I find your family dynamic sad - that someone is always winning and someone else losing. I have realized finally at my old age that the mother and family one member experiences was quite different from that of another. You must let each of your sisters feel about this death however she does. When I am with siblings, I am shocked by the difference in the way they remember things. Things I think were funny are often very painful memories to my sister. Times I remember as happy are, to some of my brothers, rendered quite different by their interpretation of motives involved or of outcome or emphasis on different moments.

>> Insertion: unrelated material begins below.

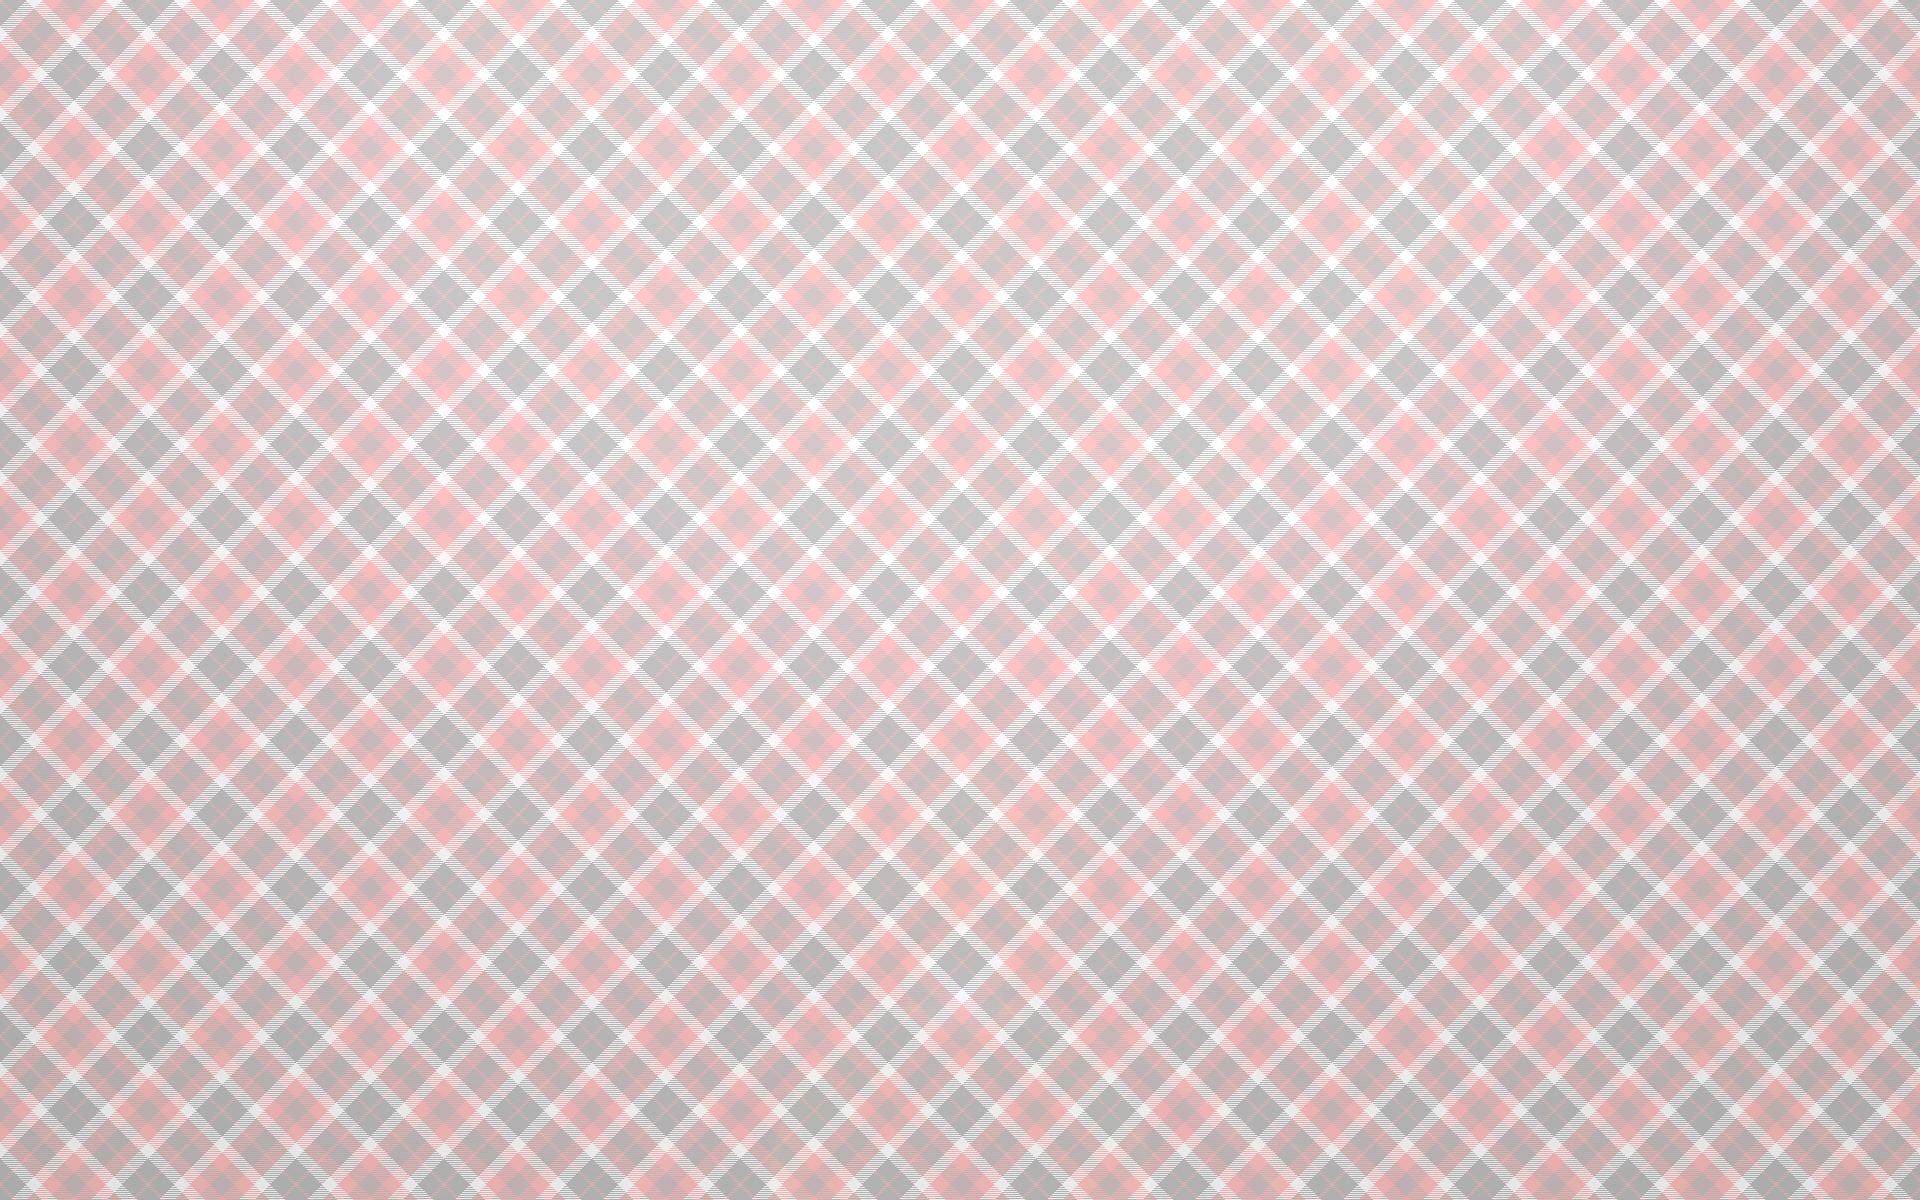 simple pattern wallpaper 45186 1920x1200 px

I hope your Mother's death is not the end of hearing from you. You are one of the better bloggistas for me, one I look forward to, because you really take time to give context and detail which make every everything you write about interesting. As for your event-free present, I have to say that I love best your tales of past events anyway. You know that I fell in love with you way back on Spaces when I saw that old profile pic where you were the very picture of the sixties gal. I really like to read well-written tales which have come to an end and are written after time to reflect and to gain perspective. What good does it do me to read "I went to the beach" or "I am traveling to Shangri la" if there is no mention of how things turned out, how it looked and felt. THAT is not a blog - it is a tweet. So please search through some more of those old memories and let us keep hearing the Flooz take on things. I am eagerly awaiting something along the lines of how your sister won and you lost that time you won the lottery or whatever. I am already in wild about knowing that having lots of boyfriends was awful and having no boyfriends was awful too. You just rock - some people have a gift!